TV Review: Elizabeth (2005)

Helen Mirren’s take on Elizabeth I proves a hefty but watchable series

“The enemy of the monarch is the over-mighty subject”

2005 saw Helen Mirren take on Elizabeth II in The Queen but also her namesake Elizabeth I in a Channel 4 miniseries, joining the list of iconic actresses who have portrayed Gloriana. Elizabeth is split into two distinct parts, each focusing on the romantic attachment of the time rather than the major events of her reign, so the opening two hour segment kicks in the final year of her relationship with the Earl of Leicester and the second turns its gaze onto the Earl of Essex. It’s an interesting take on the queen, Elizabeth as doomed romantic heroine, but one which feels problematic at times as it challenges our pre-conceived notions of this monarch.

Starting 20 years into her reign at which point her lack of marriage and issue were long debated, Nigel Williams’ script is forced to set the scene as if this were brand new so that the audience can catch up. So a long time is spent establishing her as a light spirit, emotionally – almost frivolously – concerned with matters of the heart and womb, with little sense of the monarch that she has already been for two decades. There’s a certain naiveté, which Mirren does play beautifully, that feels somehow wrong, modern attitudes imposed on Elizabethan times and jarring. That said, her early interactions with Jeremy Irons’ Leicester as a playful lover are lovely to behold.

When the seriousness comes, after a particularly heinous plot against her life led by Barbara Flynn’s sickly Mary Queen of Scots, the whirl of politics seizes all in its grip and the action does become more historically based.

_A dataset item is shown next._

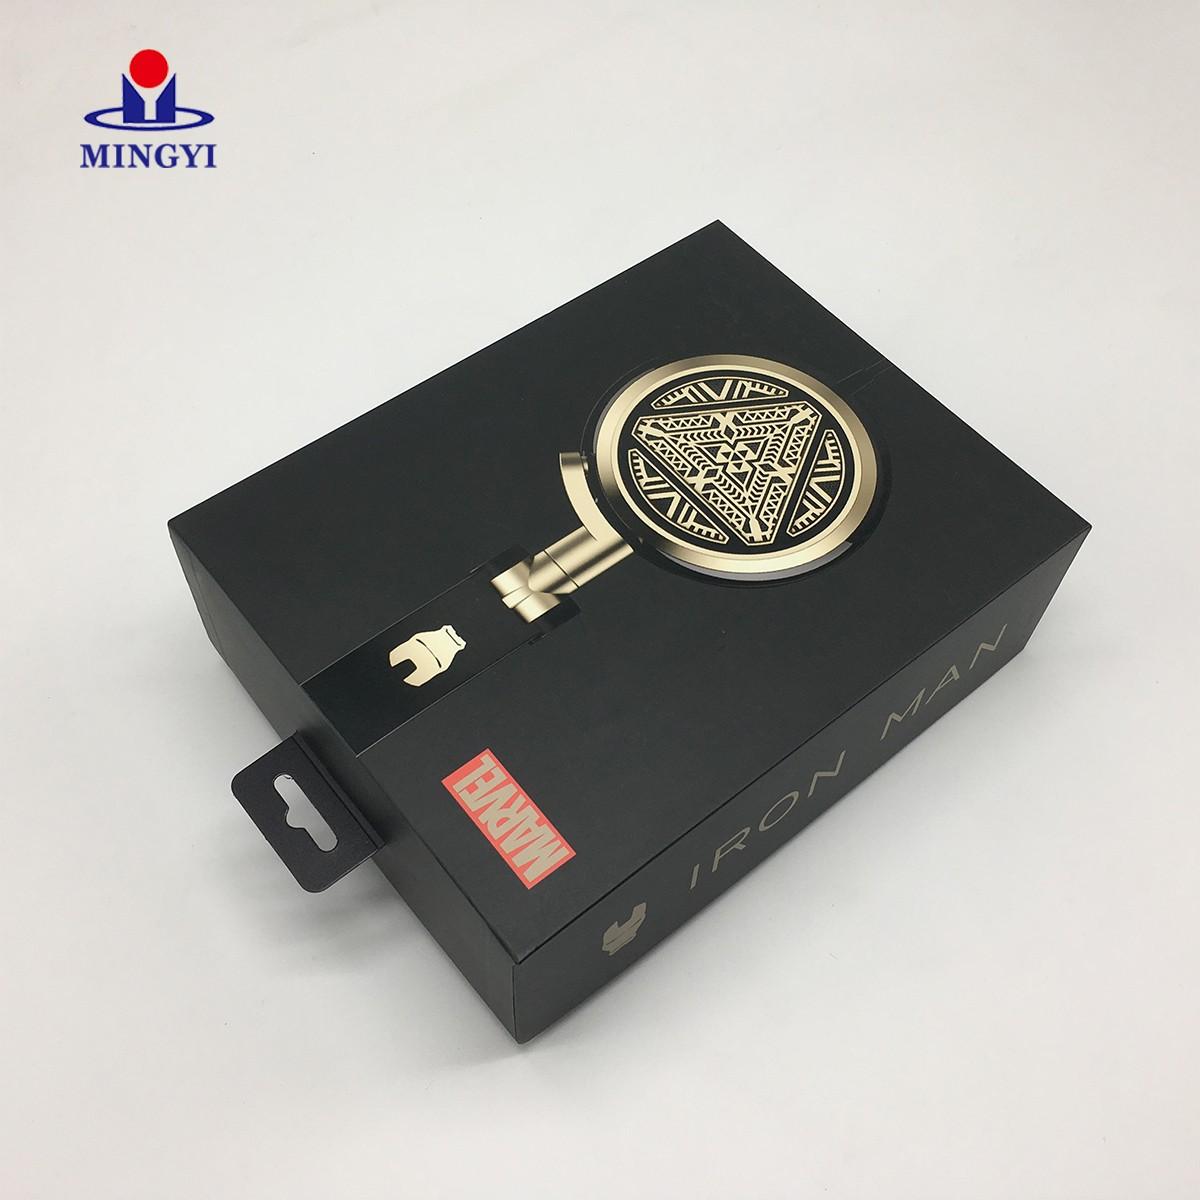 news-Mingyi Printing-New custom design Iron man style headphones packaging box-img-2

The men of her court – Ian McDiarmid, Patrick Malahide and latterly Toby Jones – are all sagely tolerant of her inimitable style of ruling, especially in later years when her preference for the buff charms of Hugh Dancy’s silver-tongued Essex led her to promote him beyond his station and his dreams, and the whole thing feels much more convincing when Elizabeth is raging against the advancing years as opposed to the emptiness of her marital bed.

Mirren’s complex portrayal of the queen may not necessarily go down in many people’s top 5 I would have thought, but it is still strong, especially given the excellent production values of Tom Hooper’s work. But the thing that lingers most in the mind is the viscerally brutal scenes of torture – decapitation, disembowelment, racking, none of the gory details are spared as enemies are treated with an increasingly firm grip. At nearly four hours, this is somewhat of an indulgent series, good rather than excellent but worth a watch on a rainy Sunday.